- IATA: LIA; ICAO: ZULP;

Summary
- Airport type: Military/Former public
- Location: Liangping District, Chongqing, China
- Coordinates: 30°40′46″N 107°47′10″E﻿ / ﻿30.67944°N 107.78611°E

Map
- LIA Location of airport in Chongqing

Runways
| Direction | Length |  | Surface |
| m | ft |
| 05/23 | 2,300 | 7,546 | Concrete |
- Source:

= Liangping Airport =

Airport in China

Liangping Airport (梁平机场) , also called Liangshan Airport, is a former dual-use military and civil airport, located north of Liangping District (formerly called Liangshan) in Chongqing Municipality, China. It served the city of Wanxian (now Wanzhou District) from July 1988 until May 2003, when all civil flights were transferred to the new Wanzhou Wuqiao Airport.

==History==
Originally called Liangshan, the spot where the airport sits today was originally a military base established in 1923 by the local "Lülin" (Hanzi: 绿林 - "Green Forest") militia for the Sichuanese warlord Yang Sen; it was later expanded into an airbase for flight operations of the air force under succeeding warlord Liu Xiang in 1928–1929, with earthen runways 600 meters north to south and 700 meters east to west.

With the outbreak of the War of Resistance-World War II following the 7/7 Incident in 1937, Liangshan Airfield, as it became known as, was integrated along with the warlord aircraft assets and personnel into the centralized command of the nominally Nationalist Air Force of China; Liangshan Airfield served in defense of Sichuan as well as launching fighters on escort missions for bombing runs against Japanese positions in Hubei.

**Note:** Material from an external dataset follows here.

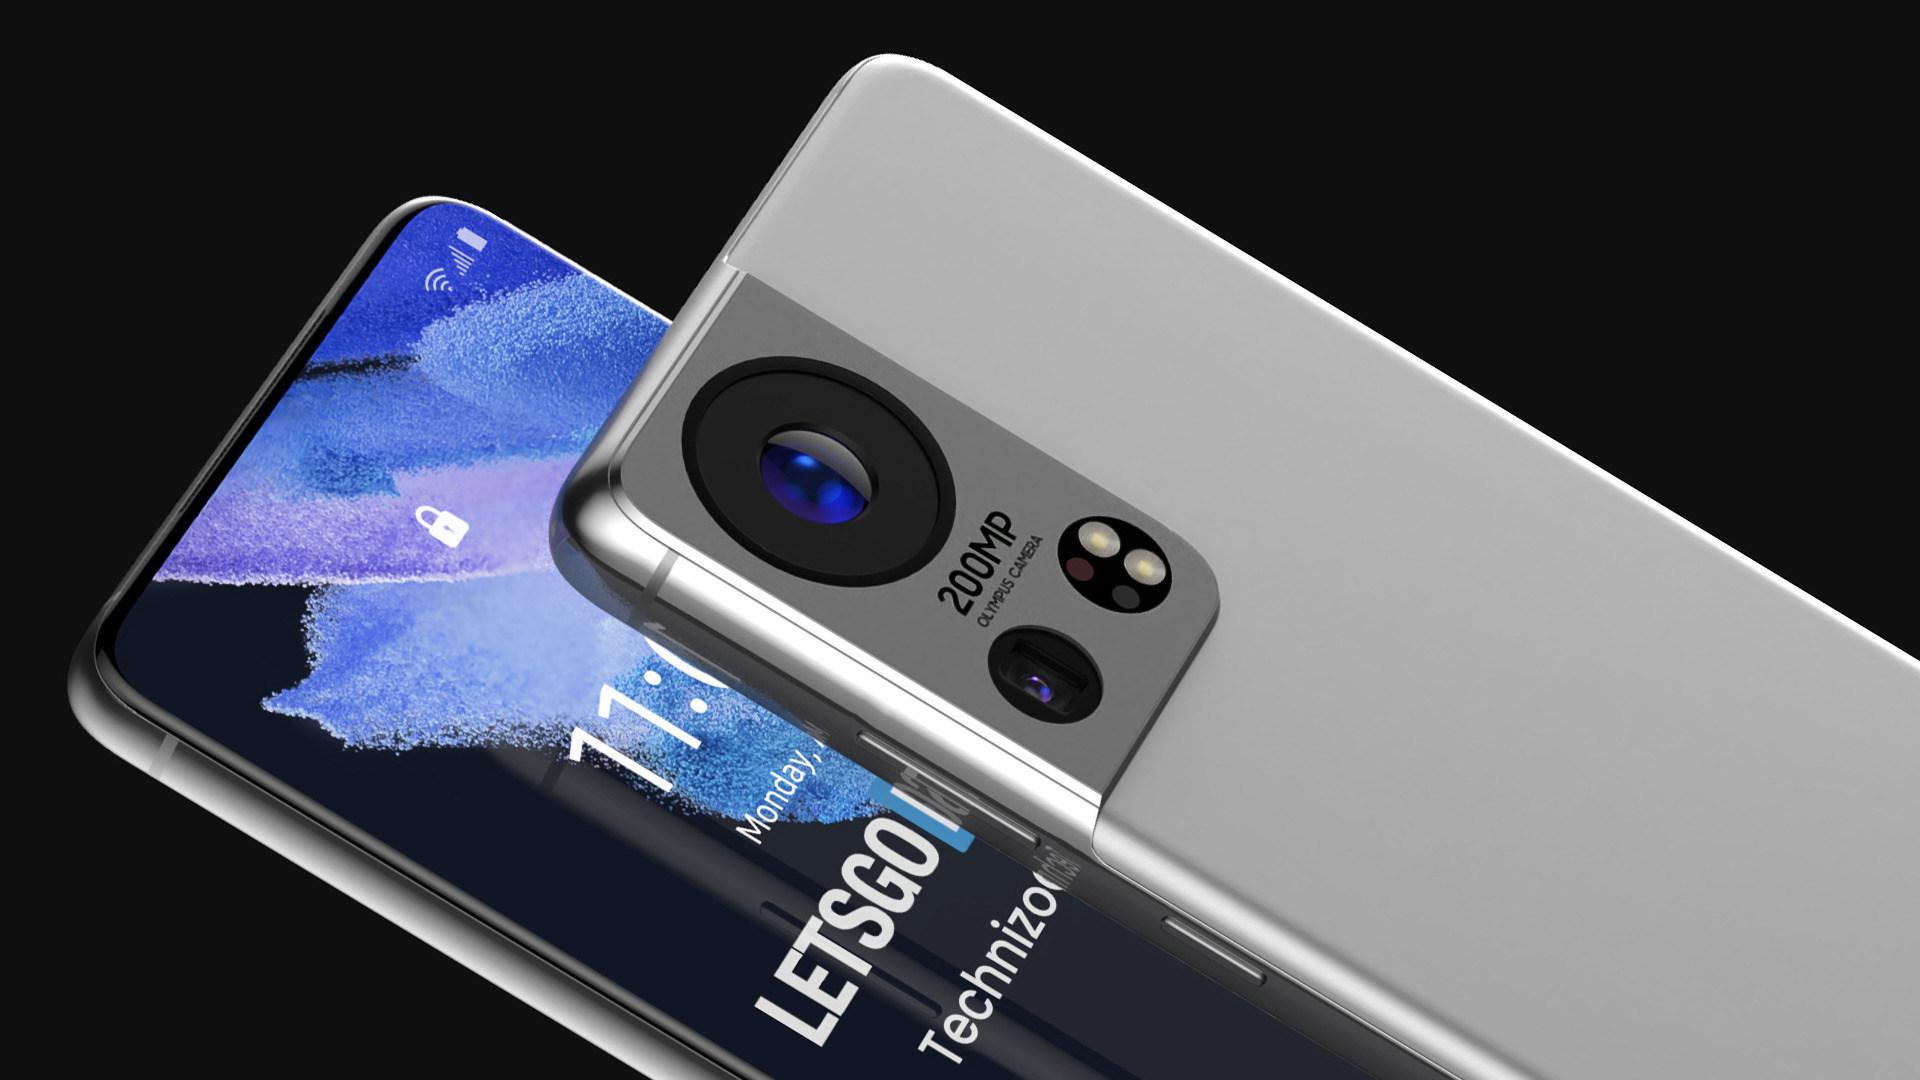 Samsung, Smartphones, Gerüchte, Leaks, Konzept, Renderbilder, Rendering, Olympus, galaxy S22, 200 Megapixel, 200 MP

Liangshan Airfield served as a forward air force base stationing the 24th PS, 4th PG which regularly engaged attacks by the Imperial Japanese Navy Air Force and Army Air Force in the Battle of Chongqing and Chengdu; one such major aerial combat engagement occurring over Liangshan on 20 May 1940 when 24 bombers raided Liangshan and was met with eight Polikarpov I-16 Type 17 fighters of the 24th PS led by Capt. Li Wenxu (all having to launch in single-file as bombing damage to the runways on night before of 19 May weren't completely fixed) and claimed seven Japanese aircraft shot down (three bombers and a reconnaissance-attack plane among confirmed kills).

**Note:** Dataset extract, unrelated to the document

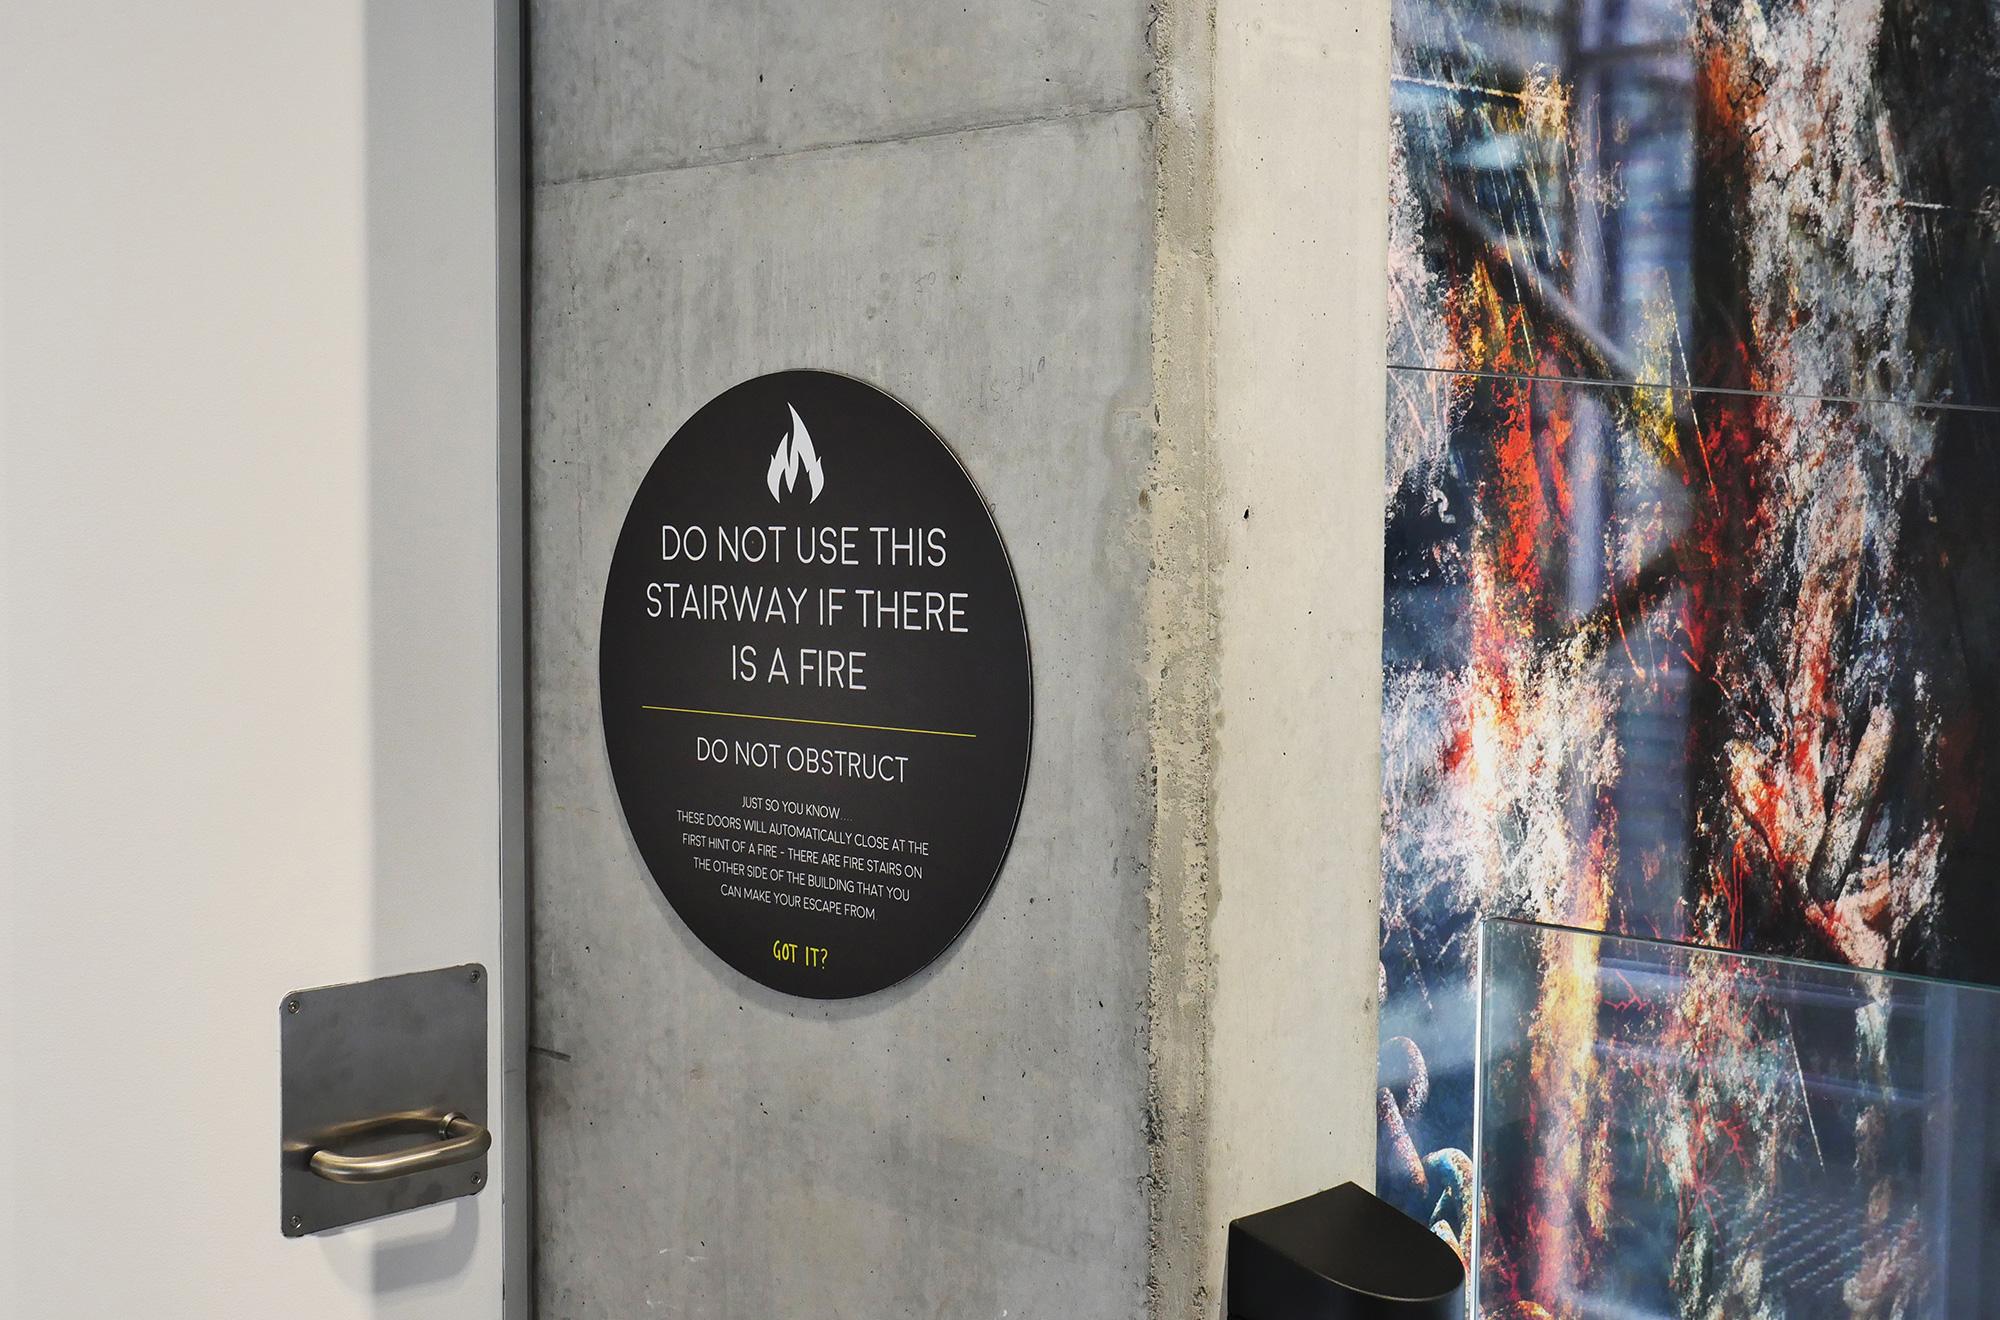 UOW i Accelerate - Statutory Fire Door Signage

After the Americans entered World War II following the Pearl Harbor attack, the airport was also used by the United States Army Air Forces Fourteenth Air Force as part of the China Defensive Campaign (1942–1945). The airport was primarily used by transport units, flying C-47 Skytrain in and out of the airport carry supplies, troops and equipment. In addition, unarmed P-38 Lightning photo-reconnaissance aircraft flew from the airport to gathering intelligence over Japanese-held areas. The airport was defended by the 426th Night Fighter Squadron, which operated P-61 Black Widow interceptors on night missions against any attacking enemy aircraft in the Chongqing area. On 06 June 1943, the new CO of the P-40E Warhawk-equipped 23rd PS, 4th PG, Captain Zhou Zhikai and his squadron had just landed back in Liangshan from a close-air support mission, and while their Warharks underwent post-flight service, the airbase was suddenly attacked by IJA aircraft; Captain Zhou "hijacked" a USAAF P-66 Vanguard that happened to be nearby and ready, and managed to takeoff in pursuit of the raiders, shooting down two Ki-48 bombers in the process and damaging another, however, the Japanese airstrike was able to destroy eleven of the P-40E that were parked. The Americans closed their facilities at the airport at the end of the war.

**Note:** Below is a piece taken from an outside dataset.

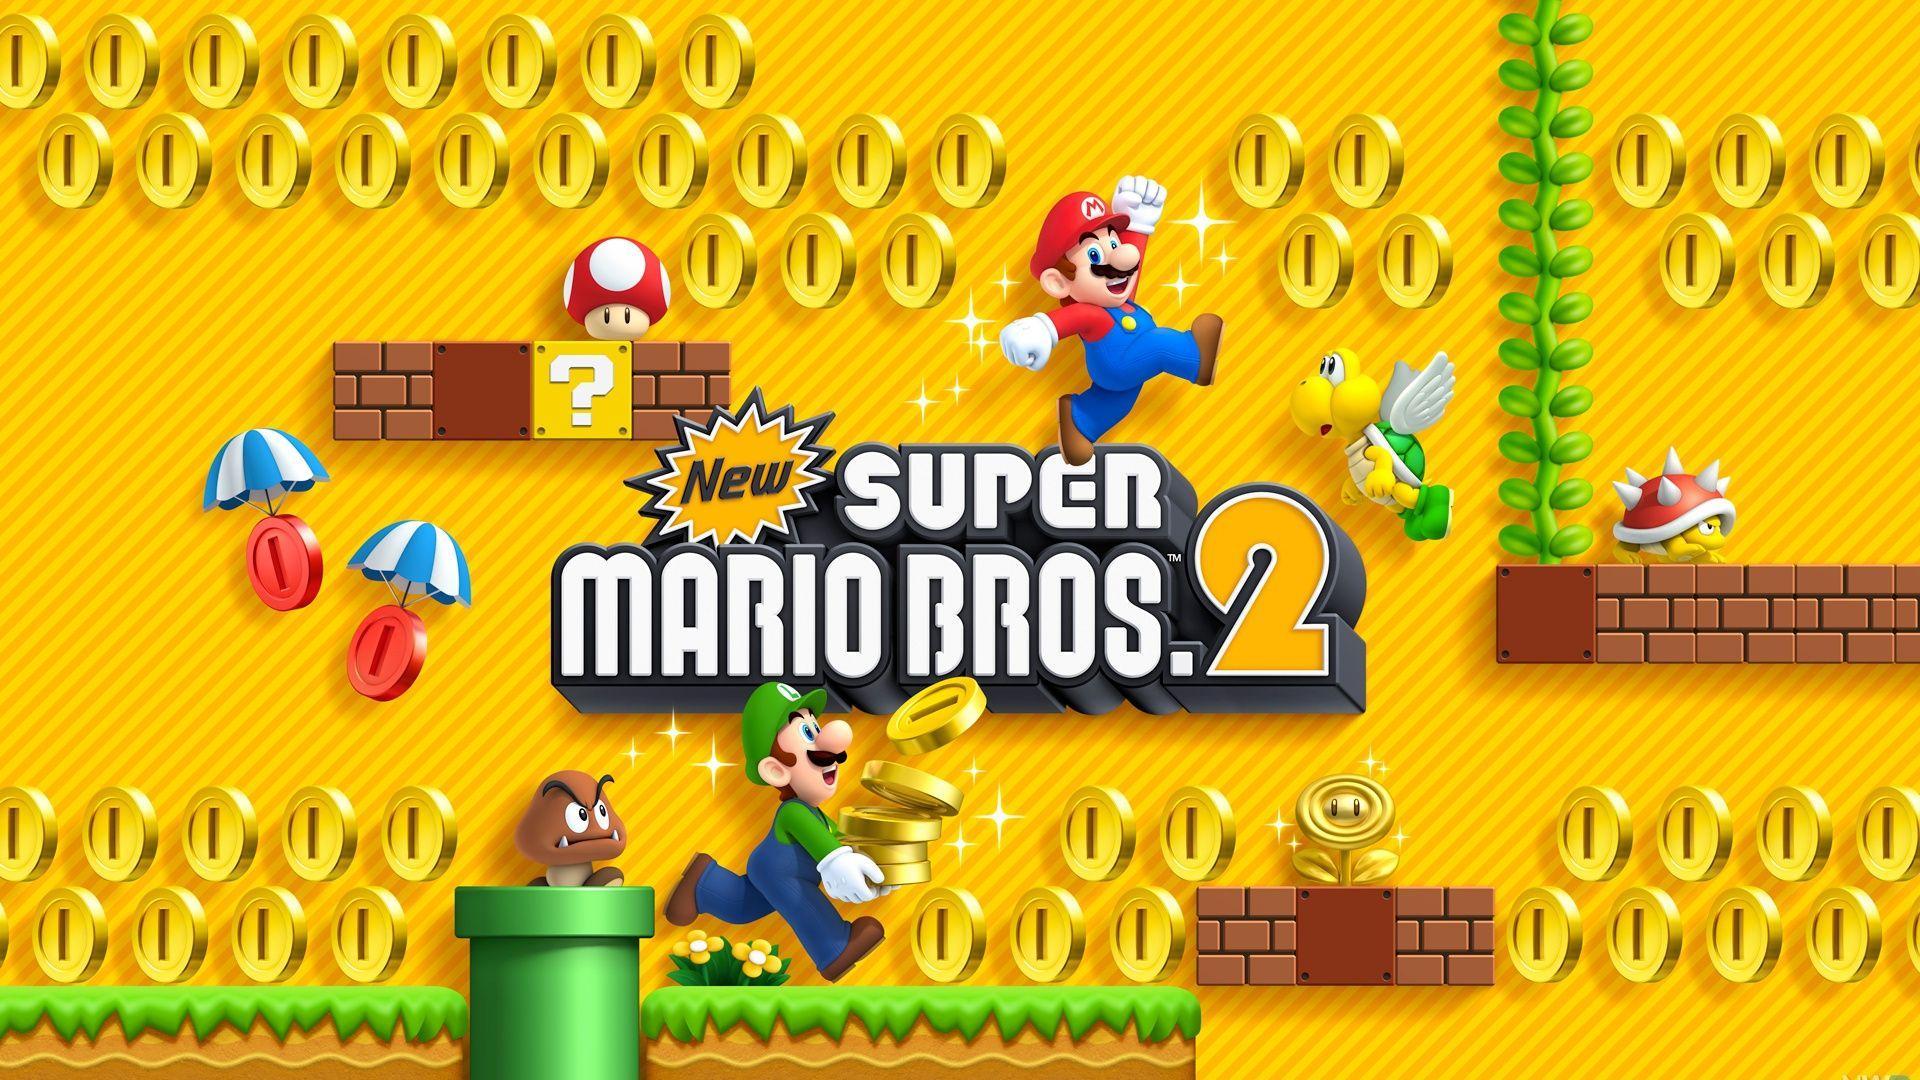 New Super Mario Bros 2 Wallpapers - Top

In the seven years of air battles over Sichuan, from 1938 to 1945, the Imperial Japanese raiders attacked Liangshan airbase alone with 7,855 bombs, resulting in the deaths of more than 2,000 military and civilian personnel; thousands of migrant workers worked feverishly to keep the airbase and facilities repaired, of these, 522 migrant workers died during combat operations, while over 3,000 migrant workers died in total from all causes, including cholera in those war years.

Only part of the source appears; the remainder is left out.